Школа опустела, одни ушли на каникулы, другие готовились к выпускным экзаменам. 10 «Б», сдав все промежуточные экзамены, спокойно отправился отдыхать.
Павел сидел за столом в лаборантской. Из магнитофона чуть слышно пел Никольский: «Веселых красок болтовня, игра волшебного огня. Моя любовь уже не радует меня». Он пребывал в чрезвычайно скверном расположении духа.
«Поменьше эмоций. Личных…» – он все прокручивал в голове эти три слова и искренне сожалел о них. Он даже порывался позвонить Олесе домой и извиниться, но тогда его затея потерпела бы полное фиаско. А сейчас, кто знает, может его план удался?
«Я же хотел как лучше, я хотел, чтобы она возненавидела меня, разочаровалась, чтобы любовь сменилась ненавистью, а потом и вовсе равнодушием…» – Павел никак не мог успокоиться.
«Что я натворил.

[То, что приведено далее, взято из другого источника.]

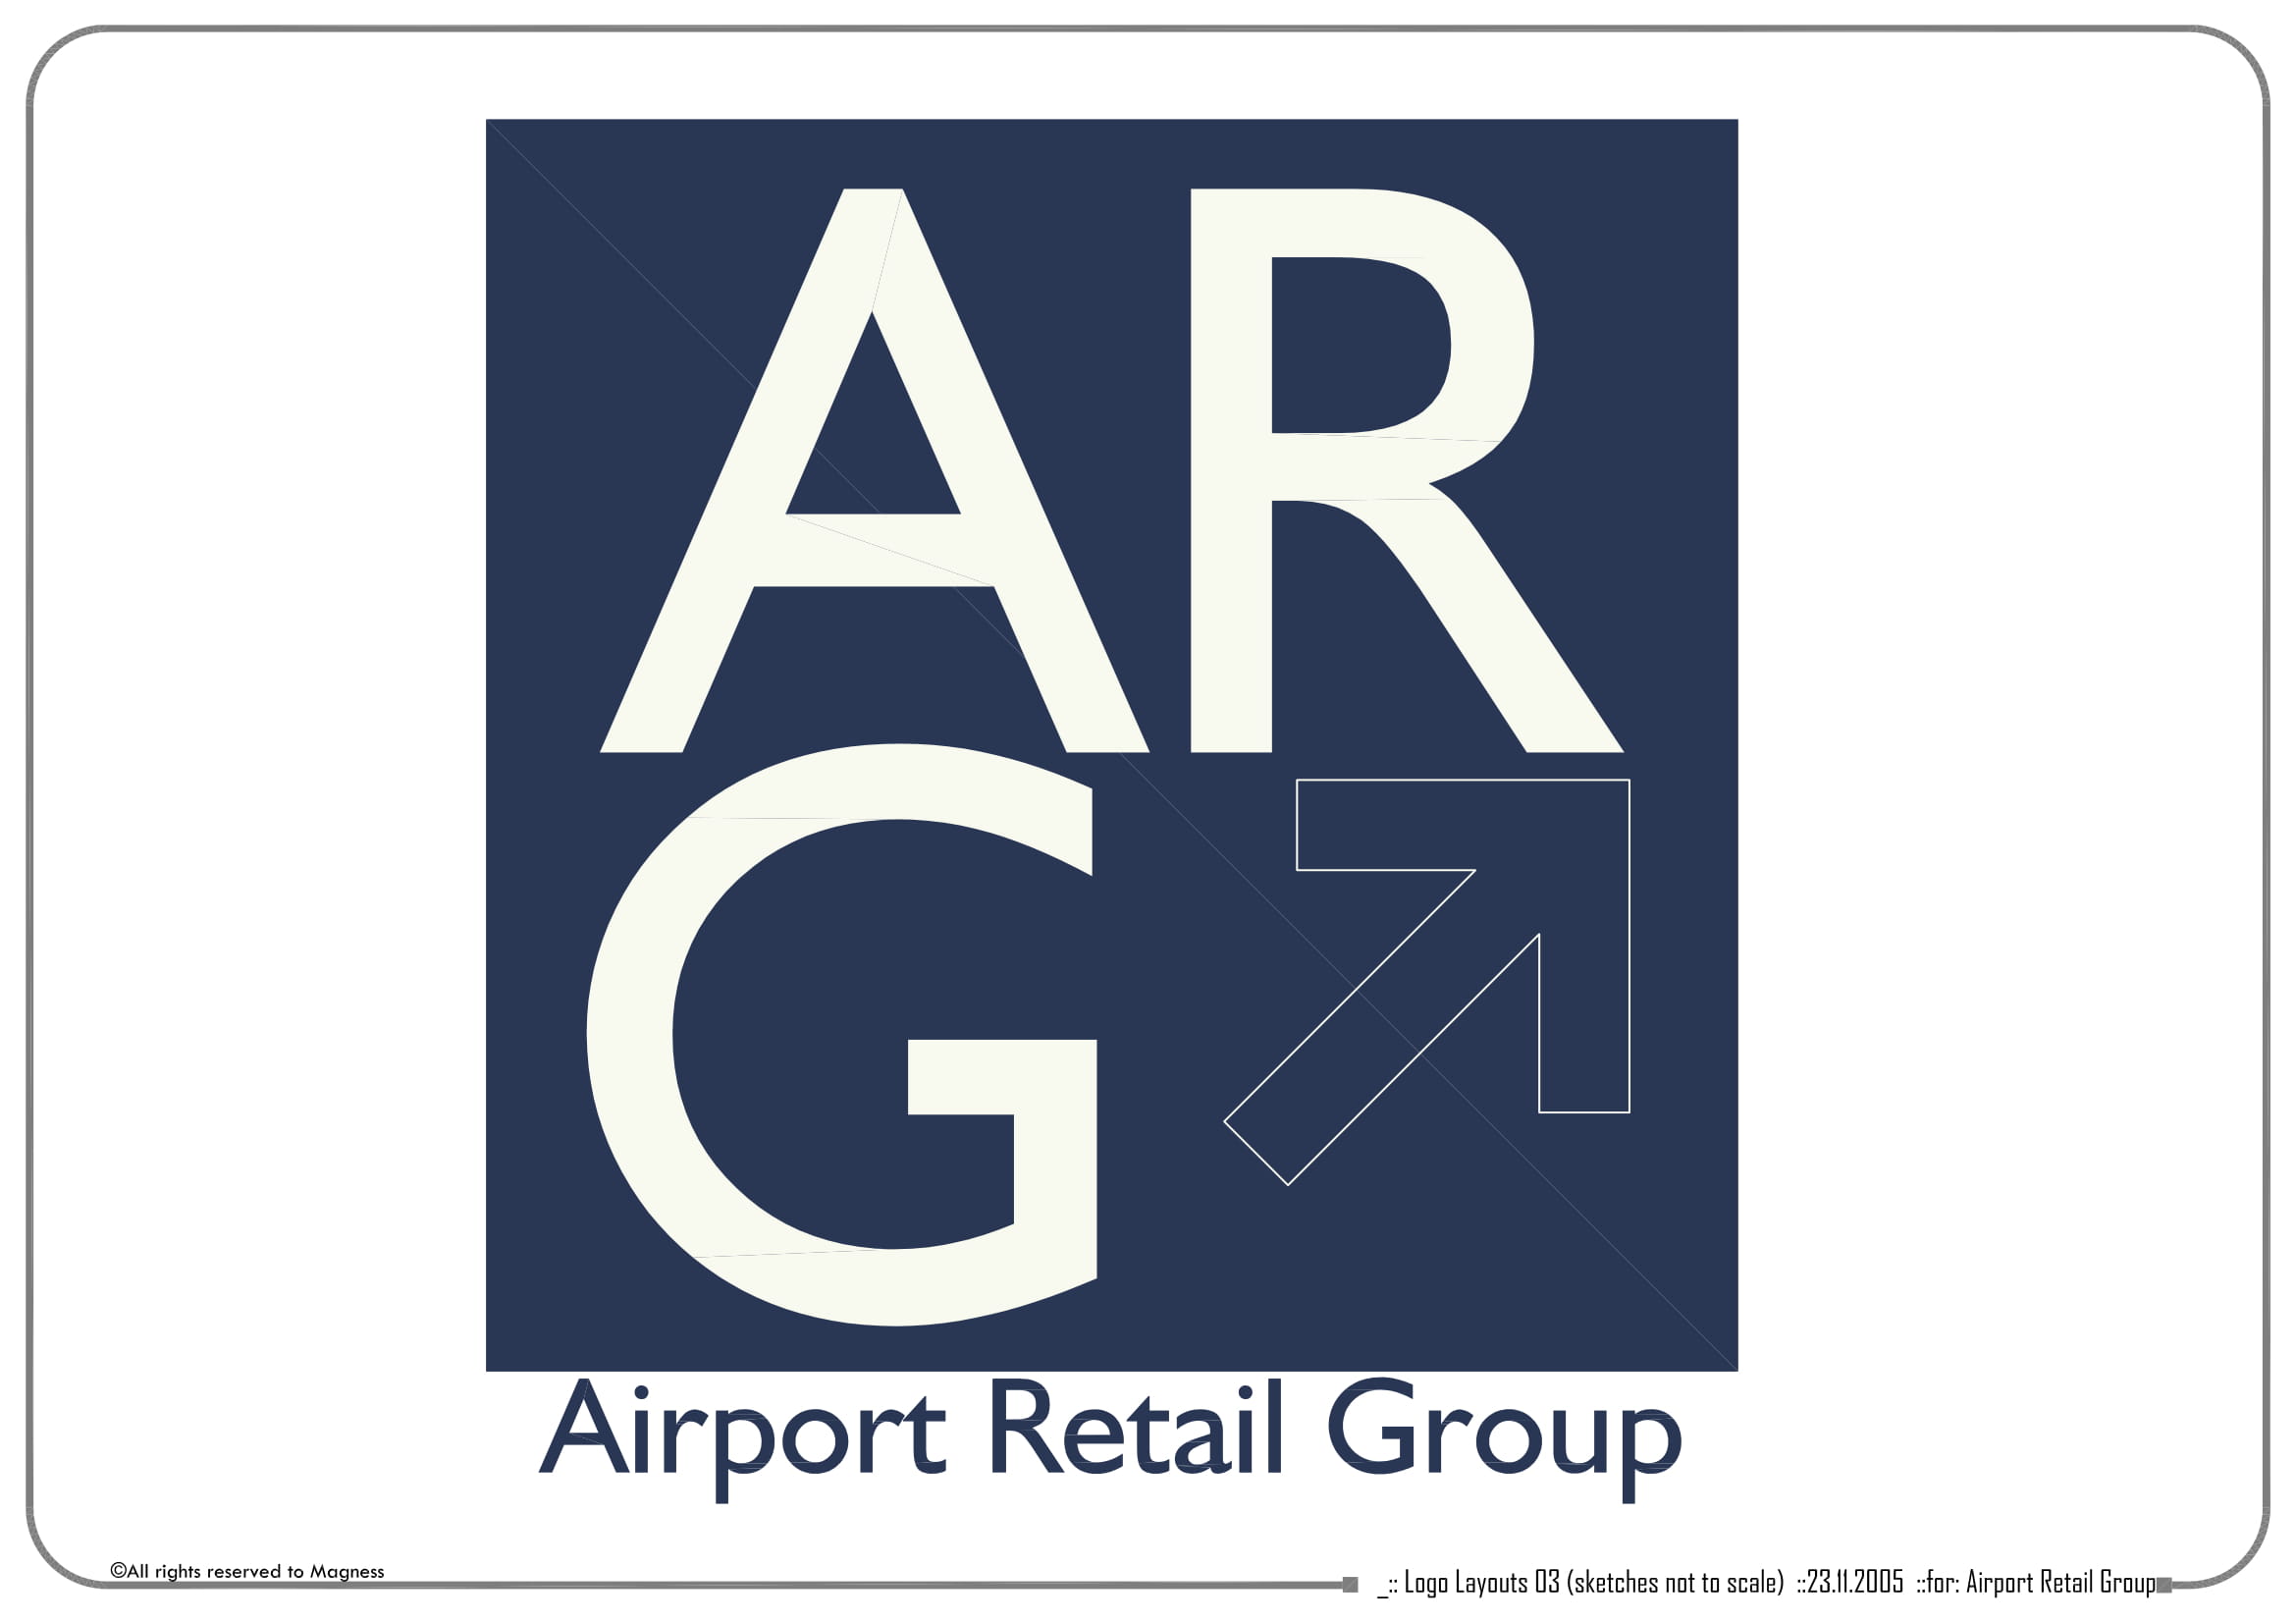 Airport Retail Group (ARG)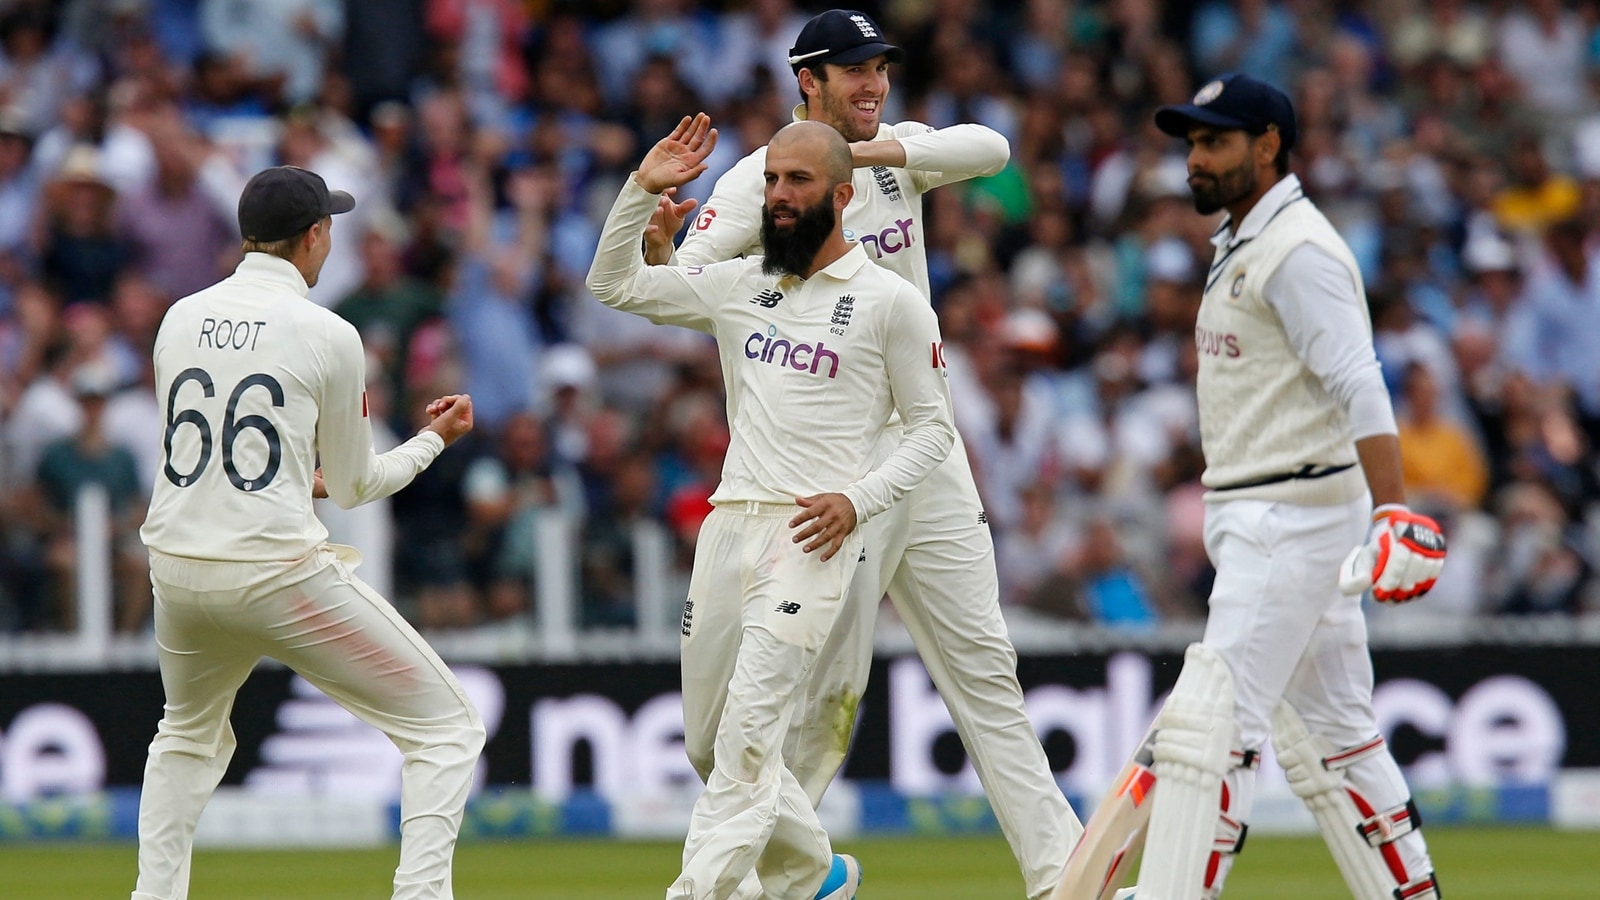 India vs England Highlights 2nd Test Day 4 India 181/6 at stumps, lead

Как она там?» – он то вставал и ходил по комнате, то собирался бежать в учительскую и звонить Олесе (о мобильных телефонах тогда никто не слышал), то снова садился и клял себя самыми непотребными словами.
Между тем магнитофон продолжал играть:
«А может быть открыть окно и окунуться в мир иной… Где солнечный рисуя свет живет художник и поэт».
Последние слова и аккорды песни привели Павла в дикий, звериный ужас. «А вдруг она не выдержит и… она же подросток… я никогда… никогда себе не прощу, если… Стоп. Нет!» – он жестко оборвал поток панических мыслей, обхватил голову руками, зажмурился и передернулся так, как будто по нему пропустили электрический ток. «Нужно успокоиться, взять себя в руки и все забыть. Наверняка, у нее все хорошо, а я тут напридумывал страшного. Я ей никогда ничего не обещал».
Он закрыл класс и вышел на крыльцо школы. Посмотрел на синее безоблачное небо, на бабочку – редкого иссиня-черного «белого адмирала», случайно залетевшего в их каменный двор-колодец, глубоко вздохнул и отметил про себя: «Лето. Два с половиной месяца отдыха. За это время я точно приду в себя. Все наладится, потому что по-другому быть не может. Она забудет меня, и первого сентября мы посмотрим друг на другу совершенно равнодушными глазами. Невозможное – невозможно. Точка».
В это же время подруги сидели на берегу Москвареки. Был чудесный июньский день, в зарослях красного клевера гудели пчелы, высоко в небе стрижи совершали удивительные пируэты, вода ярко блестела и переливалась в лучах солнца – природа радовалась наступившему лету.
– Я не понимаю, Марин, зачем он мне все это сказал, да еще таким тоном? Чем я его обидела? – Олеся сидела на траве и накручивала на палец тимофеевку.
– А что, собственно, такого страшного он тебе сказал? Чего ты так убиваешься? Две недели прошло уже, забудь.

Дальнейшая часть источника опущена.